▶ _Exercise material_
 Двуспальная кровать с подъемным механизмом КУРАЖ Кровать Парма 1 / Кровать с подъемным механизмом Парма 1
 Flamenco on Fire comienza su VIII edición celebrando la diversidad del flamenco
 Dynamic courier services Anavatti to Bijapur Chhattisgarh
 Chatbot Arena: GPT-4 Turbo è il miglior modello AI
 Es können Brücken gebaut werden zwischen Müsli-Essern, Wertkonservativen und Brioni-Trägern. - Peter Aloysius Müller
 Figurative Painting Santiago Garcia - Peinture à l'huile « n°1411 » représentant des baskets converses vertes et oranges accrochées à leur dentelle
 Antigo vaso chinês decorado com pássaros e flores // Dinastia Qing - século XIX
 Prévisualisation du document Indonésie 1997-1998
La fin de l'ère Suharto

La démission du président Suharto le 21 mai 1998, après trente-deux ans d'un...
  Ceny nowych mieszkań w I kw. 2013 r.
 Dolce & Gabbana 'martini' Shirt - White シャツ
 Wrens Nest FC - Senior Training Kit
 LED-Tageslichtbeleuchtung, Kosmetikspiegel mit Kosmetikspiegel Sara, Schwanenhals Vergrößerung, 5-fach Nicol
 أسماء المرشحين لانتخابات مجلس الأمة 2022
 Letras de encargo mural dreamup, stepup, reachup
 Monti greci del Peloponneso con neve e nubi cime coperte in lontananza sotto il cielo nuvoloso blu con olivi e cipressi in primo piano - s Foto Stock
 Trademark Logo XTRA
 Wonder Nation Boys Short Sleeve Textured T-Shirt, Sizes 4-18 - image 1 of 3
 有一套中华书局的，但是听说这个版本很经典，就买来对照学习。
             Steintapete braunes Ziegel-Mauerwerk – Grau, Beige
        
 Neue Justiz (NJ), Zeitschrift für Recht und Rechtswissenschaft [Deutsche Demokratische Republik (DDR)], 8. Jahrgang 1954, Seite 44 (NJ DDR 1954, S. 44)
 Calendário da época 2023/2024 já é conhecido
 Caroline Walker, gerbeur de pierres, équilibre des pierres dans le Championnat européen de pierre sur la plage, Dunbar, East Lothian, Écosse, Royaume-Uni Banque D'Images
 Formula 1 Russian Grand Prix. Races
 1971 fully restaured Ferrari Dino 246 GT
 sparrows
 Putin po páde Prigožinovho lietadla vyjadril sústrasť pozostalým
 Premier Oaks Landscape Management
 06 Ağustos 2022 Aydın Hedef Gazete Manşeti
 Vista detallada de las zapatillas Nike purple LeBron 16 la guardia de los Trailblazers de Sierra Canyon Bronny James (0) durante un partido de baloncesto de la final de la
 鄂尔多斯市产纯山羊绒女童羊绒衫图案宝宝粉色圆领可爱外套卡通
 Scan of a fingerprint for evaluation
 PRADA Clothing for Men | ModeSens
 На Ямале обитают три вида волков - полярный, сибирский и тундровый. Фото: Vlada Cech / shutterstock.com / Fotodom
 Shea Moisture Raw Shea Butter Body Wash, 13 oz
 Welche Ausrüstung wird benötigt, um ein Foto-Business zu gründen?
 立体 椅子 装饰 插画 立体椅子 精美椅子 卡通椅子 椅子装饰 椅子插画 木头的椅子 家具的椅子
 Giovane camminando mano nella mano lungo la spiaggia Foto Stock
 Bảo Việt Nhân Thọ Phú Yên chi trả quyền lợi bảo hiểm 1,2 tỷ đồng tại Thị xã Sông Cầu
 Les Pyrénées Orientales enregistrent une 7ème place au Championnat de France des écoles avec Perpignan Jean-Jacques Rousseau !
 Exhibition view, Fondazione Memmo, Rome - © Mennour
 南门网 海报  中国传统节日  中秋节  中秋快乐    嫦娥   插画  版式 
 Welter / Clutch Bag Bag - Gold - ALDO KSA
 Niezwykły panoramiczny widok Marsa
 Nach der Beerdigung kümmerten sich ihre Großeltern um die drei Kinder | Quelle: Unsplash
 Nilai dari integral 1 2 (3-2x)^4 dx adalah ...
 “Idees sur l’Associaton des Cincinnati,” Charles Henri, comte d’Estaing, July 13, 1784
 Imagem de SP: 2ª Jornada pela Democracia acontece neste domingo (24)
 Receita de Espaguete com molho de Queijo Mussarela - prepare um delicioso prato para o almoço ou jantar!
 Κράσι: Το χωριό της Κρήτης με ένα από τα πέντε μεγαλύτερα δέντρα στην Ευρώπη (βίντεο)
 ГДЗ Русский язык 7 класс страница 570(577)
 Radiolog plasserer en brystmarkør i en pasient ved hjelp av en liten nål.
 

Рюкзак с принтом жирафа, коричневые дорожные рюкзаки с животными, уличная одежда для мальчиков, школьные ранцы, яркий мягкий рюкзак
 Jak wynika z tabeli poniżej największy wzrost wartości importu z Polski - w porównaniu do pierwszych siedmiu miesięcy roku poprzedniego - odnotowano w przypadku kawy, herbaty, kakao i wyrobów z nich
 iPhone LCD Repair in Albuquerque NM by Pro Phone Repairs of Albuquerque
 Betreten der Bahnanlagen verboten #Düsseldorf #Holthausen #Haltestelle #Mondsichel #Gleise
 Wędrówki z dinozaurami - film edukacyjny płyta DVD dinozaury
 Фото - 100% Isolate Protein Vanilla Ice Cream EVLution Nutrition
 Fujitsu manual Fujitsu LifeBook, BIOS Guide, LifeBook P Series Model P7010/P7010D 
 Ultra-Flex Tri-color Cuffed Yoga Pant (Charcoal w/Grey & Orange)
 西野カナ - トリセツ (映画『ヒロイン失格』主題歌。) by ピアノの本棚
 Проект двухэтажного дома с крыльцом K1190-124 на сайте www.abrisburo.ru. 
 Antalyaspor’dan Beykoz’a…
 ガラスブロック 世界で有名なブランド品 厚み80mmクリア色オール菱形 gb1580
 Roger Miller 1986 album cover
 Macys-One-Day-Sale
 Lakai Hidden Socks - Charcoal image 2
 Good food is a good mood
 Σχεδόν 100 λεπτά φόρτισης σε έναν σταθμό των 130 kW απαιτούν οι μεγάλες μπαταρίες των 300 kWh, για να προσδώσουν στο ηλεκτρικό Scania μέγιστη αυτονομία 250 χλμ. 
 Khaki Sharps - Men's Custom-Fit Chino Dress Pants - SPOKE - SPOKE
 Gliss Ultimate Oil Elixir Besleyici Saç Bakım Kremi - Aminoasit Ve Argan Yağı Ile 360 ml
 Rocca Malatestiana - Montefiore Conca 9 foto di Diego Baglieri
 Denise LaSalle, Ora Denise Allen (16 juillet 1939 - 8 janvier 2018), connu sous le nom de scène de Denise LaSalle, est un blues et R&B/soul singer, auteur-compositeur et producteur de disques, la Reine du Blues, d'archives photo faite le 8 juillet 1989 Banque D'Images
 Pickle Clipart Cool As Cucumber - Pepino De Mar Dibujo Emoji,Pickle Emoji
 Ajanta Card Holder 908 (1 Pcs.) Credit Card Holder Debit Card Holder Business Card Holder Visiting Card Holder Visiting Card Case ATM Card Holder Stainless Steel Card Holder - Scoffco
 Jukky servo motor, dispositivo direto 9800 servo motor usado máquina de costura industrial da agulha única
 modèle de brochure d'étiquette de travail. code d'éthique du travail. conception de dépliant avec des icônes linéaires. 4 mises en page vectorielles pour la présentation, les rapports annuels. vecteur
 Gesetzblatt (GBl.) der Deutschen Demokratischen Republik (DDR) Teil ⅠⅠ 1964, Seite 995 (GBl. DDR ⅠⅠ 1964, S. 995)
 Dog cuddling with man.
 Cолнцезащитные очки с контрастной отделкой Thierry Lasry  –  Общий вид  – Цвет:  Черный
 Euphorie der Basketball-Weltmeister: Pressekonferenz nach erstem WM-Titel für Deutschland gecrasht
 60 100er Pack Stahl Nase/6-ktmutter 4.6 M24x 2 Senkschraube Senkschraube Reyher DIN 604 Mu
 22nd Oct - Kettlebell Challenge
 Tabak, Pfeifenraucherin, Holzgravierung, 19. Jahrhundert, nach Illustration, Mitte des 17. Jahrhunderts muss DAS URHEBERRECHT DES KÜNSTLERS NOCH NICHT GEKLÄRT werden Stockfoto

▶ _Brief_
From the listing above, find the number of lines with the word "Фото" in them. Answer with the number only.

▶ _Solution to the problem_
2